На середину стола поставил он блестящую статуэтку коня. Но Фалях особо не обрадовался дорогому подарку, лишь погладил по гриве.
— Что, чистое золото?
— Чистое... Самая высокая проба там, в Европе... И весит, хвала Аллаху, кило двести грамм.
Хотелось ему, видя, как Фалях спокойно воспринял подарок, поднять цену подношения, но...
— Коней... разных... любит Байтимер Тимербаевич... тебе ему бы надо подарить этот сувенирчик...
— Так это же я для Вас покупал, Фалях Экзамыч!..
— Ну, ладно тогда... — неторопливо произнес высокий гость. — Оберни в какой-нибудь кусок газетки, отдашь моему шоферу, он отвезет домой...

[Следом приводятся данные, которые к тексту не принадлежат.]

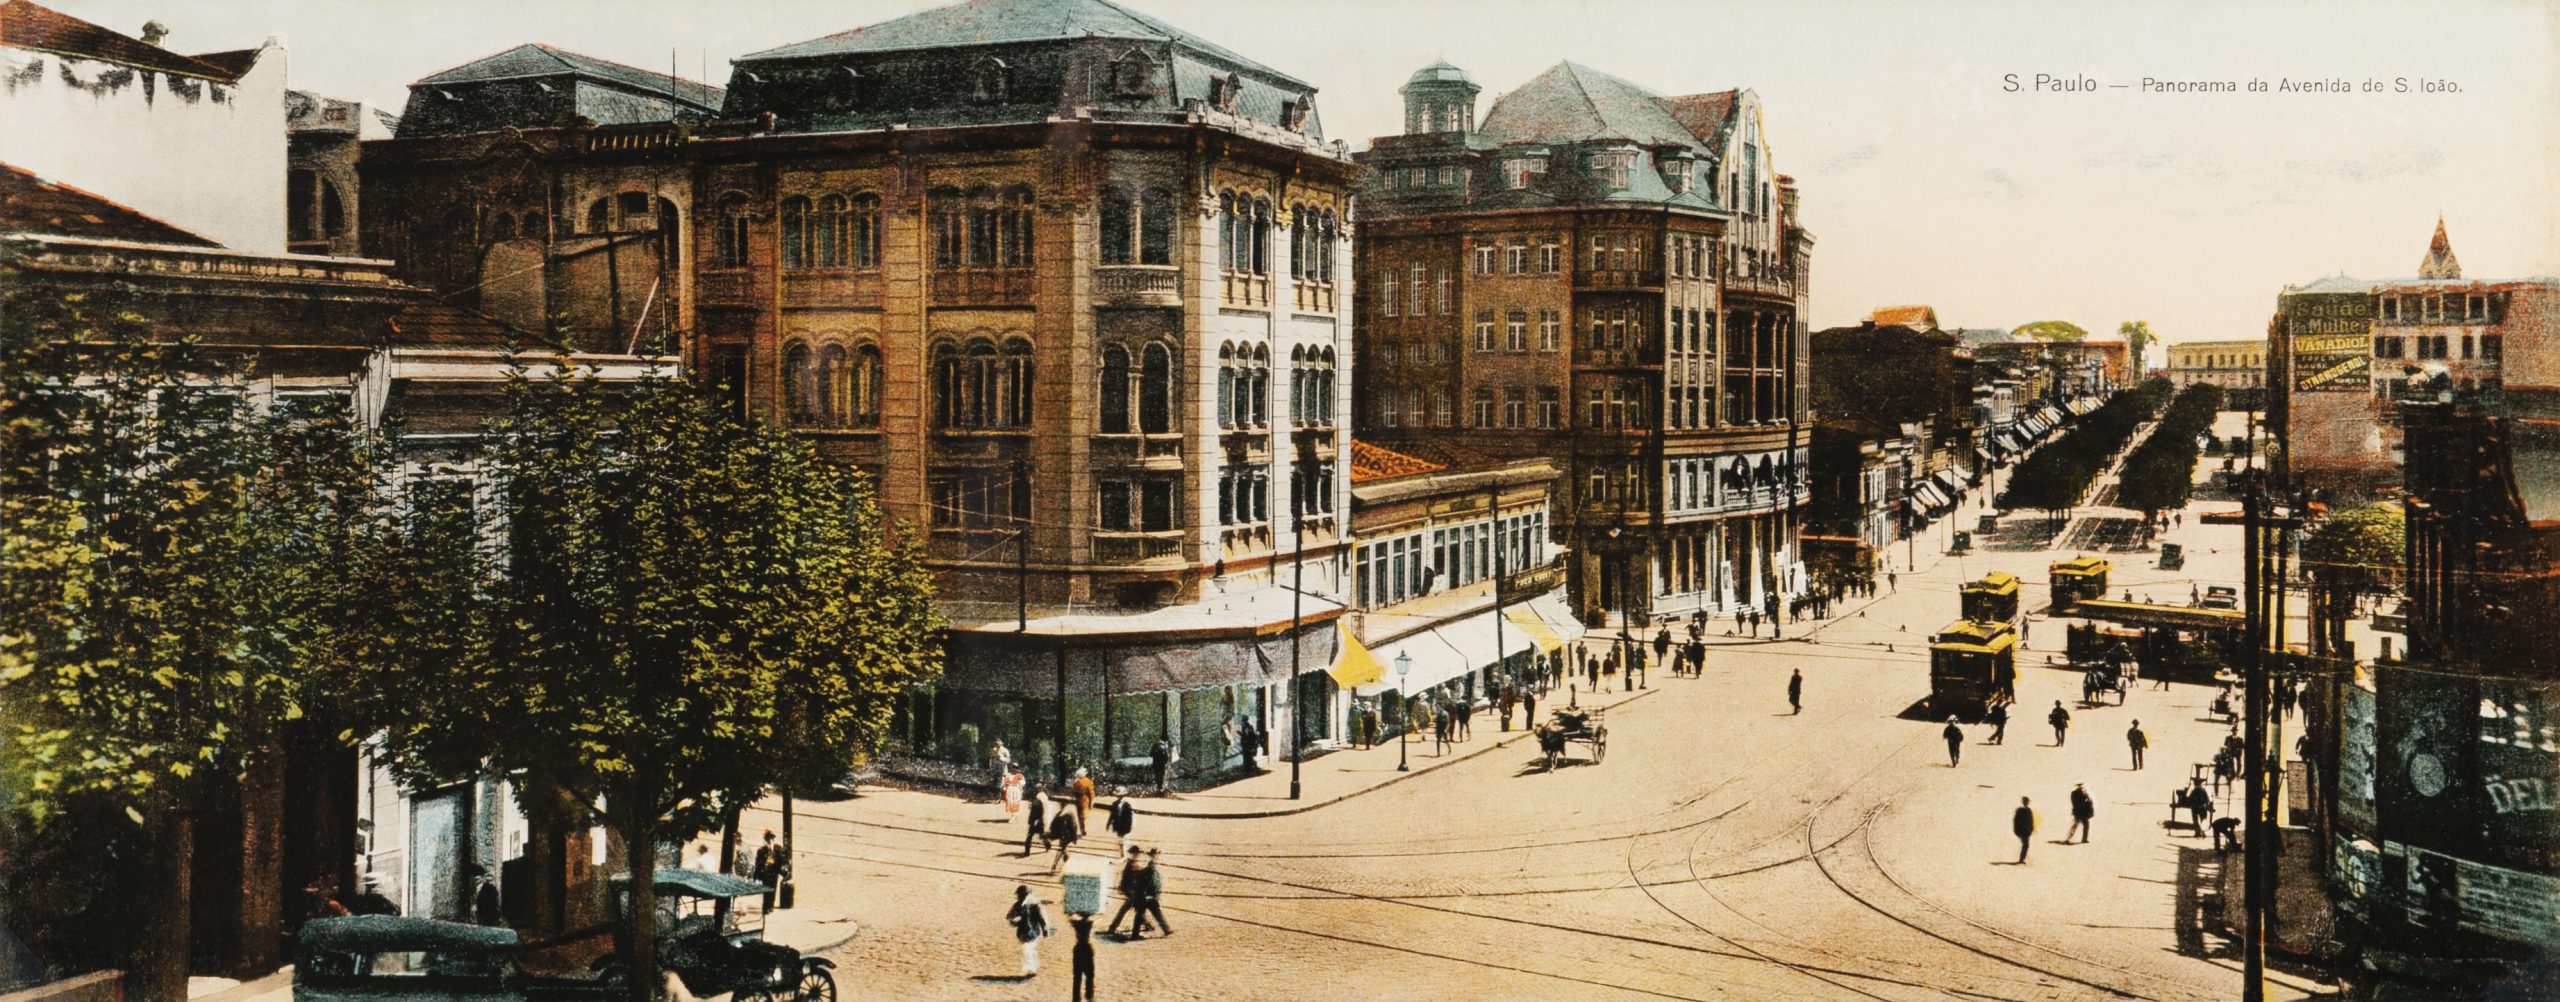 Imagem mostra ilustração de esquina com estrada de terra e prédios antigos.

Что же еще выкинет молодой бизнесмен, подумал Фалях, глядя на стоящего возле сейфа Алмаза.
— А вот эти я привез для дорогой джинги — супруги Вашей... Белое золото и бриллиант... Полный... в комплекте... — добавил он. И положил их рядом со статуэткой.
Однако Фалях эти старания молодого татарского бая воспринял равнодушно. Как нечто естественное. Как будто не золото вовсе, а если золото — то не для него куплено и не ему подарено. Да еще вдобавок, гордо посмотрев, пригладил свои седеющие, редеющие волосы и раза два сыто рыгнул. Да, от доброй пищи даже животное может и рыгнуть с наслаждением, подумал Алмаз.

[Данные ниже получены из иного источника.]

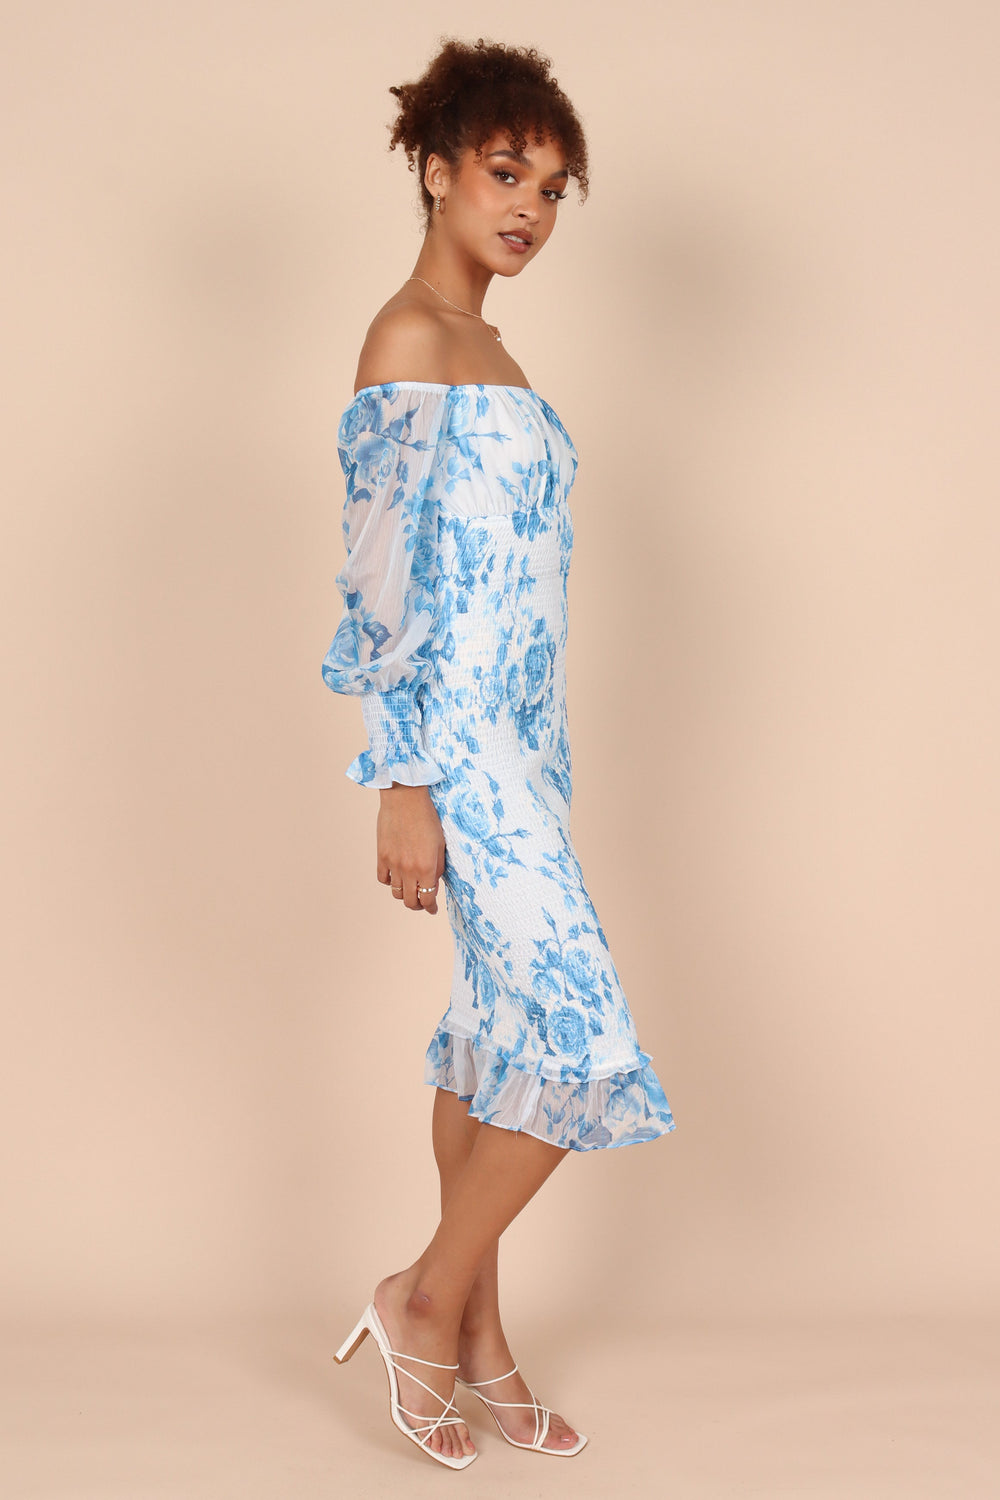 DRESSES @Affie Off Shoulder Midi Dress- Blue Floral

Фалях потянулся и медленно, делая ударение на каждом слове, заговорил:
— Знаешь ли, братан Алмаз, что именно я хотел тебе сказать, если ты до сих пор еще не понял смысл сказанных мною за столом слов, хочу я тебе повторить. Я желаю... и пусть тебе это будет известно, если женщине чуть больше восемнадцати... Повторяю, но в последний раз... Пойми меня правильно. И ты знаешь меня, Алмаз! Слышишь?!
— Да, да! Знаю, знаю, Фалях абый! — проговорил скороговоркой Алмаз. — Только не совсем я понимаю это... Вас... то есть...

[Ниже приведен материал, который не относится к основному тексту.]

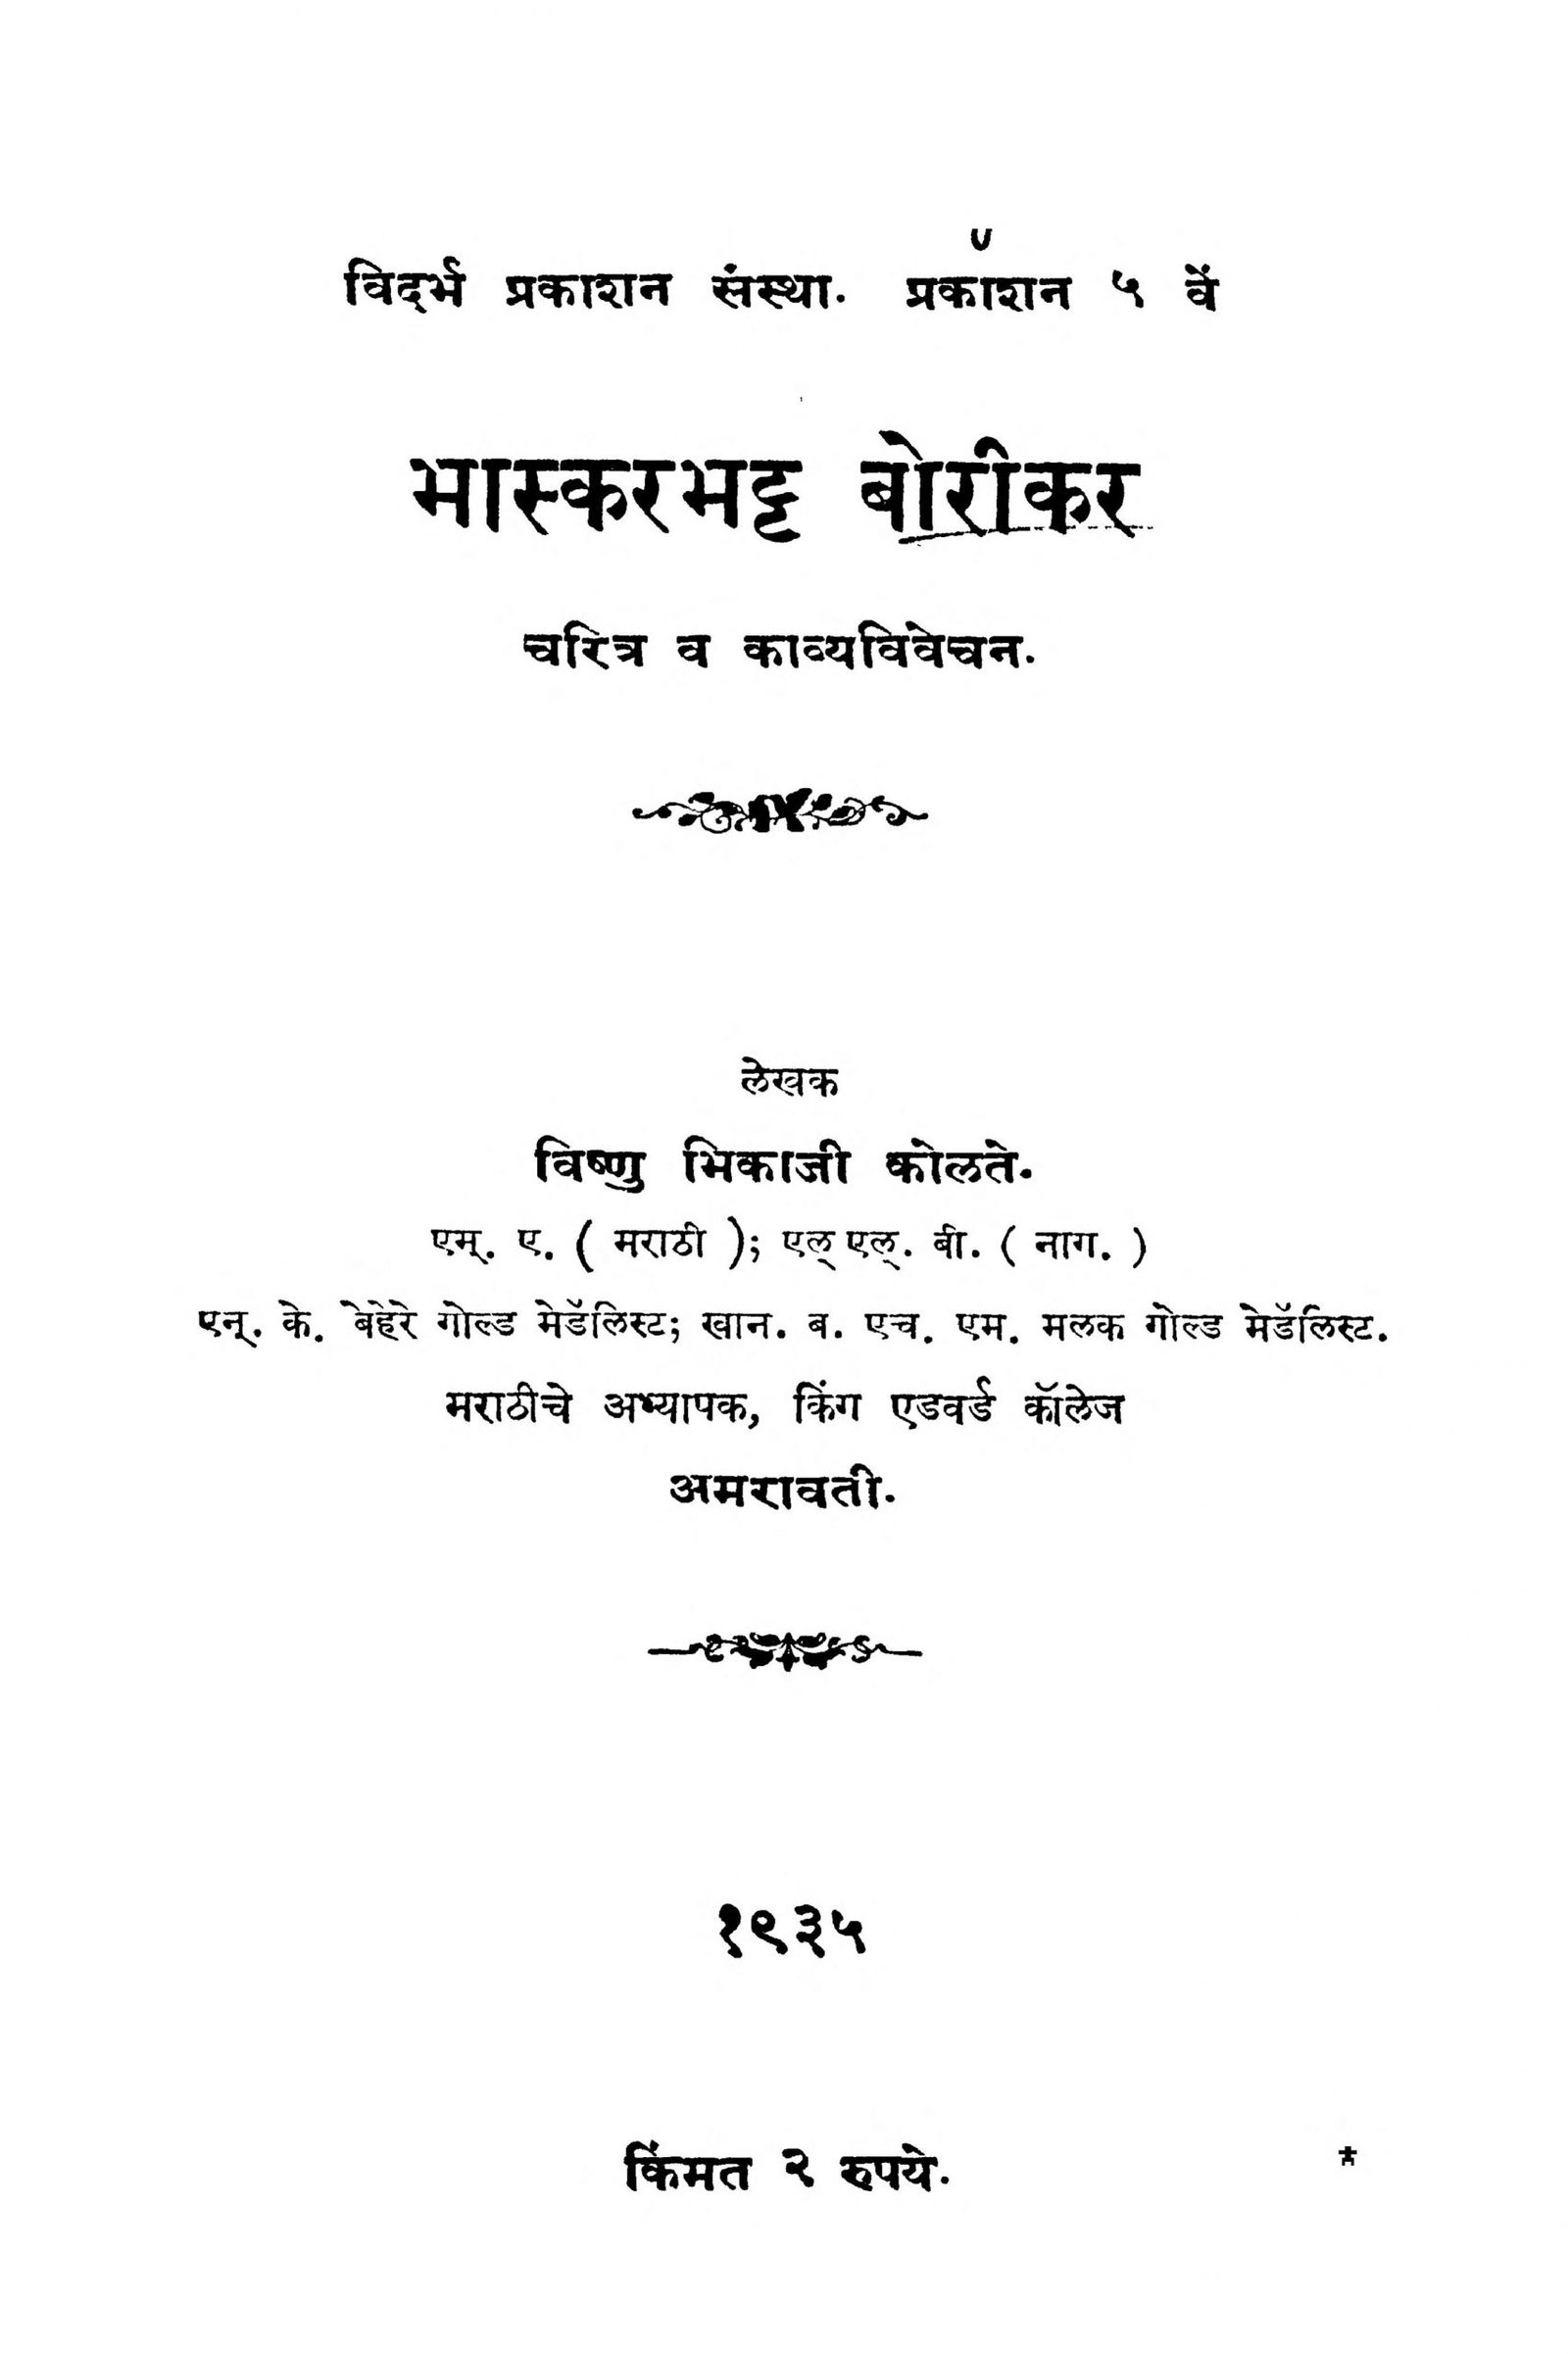 Bhaskar Bhat Borikar

— Ты не собираешься же, наверное, надо мной посмеяться?! Нет?! — отвернулся от собеседника уважаемый гость.
Алмаз понял тревожный сигнал, если он при разговоре отворачивается в сторону, значит, сердится, жить не даст, раз тобой недоволен, Фалях. Таков характер у него. А то что началось с его стороны недоверие к Алмазу, непонятная обида на него... Не дай бог, это серьезно! Тогда все... Надо постараться исправить дело.
— Фалях абый... Фалях Экзамыч... Что? Я серьезно не могу понять... не обижайтесь на меня, пожалуйста, я все поправлю... Что случилось-то... Ведь я от всей души... ведь для вас... Пожалуйста, прошу, объясните причину Вашего недовольства. И я, ей-богу, если надо, душу за Вас не пожалею... жизнь отдам... Что Вам не нравится, чем Вы недовольны? Могу ли я поправить свою ошибку? Скажите, я сей же час... я поправлюсь... я исправлюсь...
— Поправишься ли?! Исправишься ли? — Поднял тяжелый взгляд на растерявшегося молодого человека большой гость. — Сможешь ли?.. Сумеешь ли?..
Недоверие сквозило в его взгляде, жесткость и жестокость. Но все равно потеплело в душе Алмаза. Разговаривает, значит, не все еще потеряно, еще можно вернуть высокого гостя в лоно их прежней дружбы.
— Вы же знаете, Фалях абый, ради Вас я готов лететь стремглав за семь морей, за тридевять земель и приехать не с пустыми руками.
— Этого, братан мой, не требуется.
— Скажите, прикажите, Ваше желание для меня свято!
— Свято ли?
— Иначе и не было никогда! Я все для Вас!
— Всегда ли, все ли?! — Задумался Фалях, слегка пригнув голову. Его губы довольно заплясали в искристой улыбке, он был доволен.
— Скажите... Прикажите только... Сей же час у Ваших ног... Скажите, нас здесь только двое.
При этом Алмаз упал на колени. Фалях прищурился, собрал губы в складку и произнес:
— Чего же ради ты их рассадил прямо напротив меня. Какое удовольствие ты мне этим доставил?!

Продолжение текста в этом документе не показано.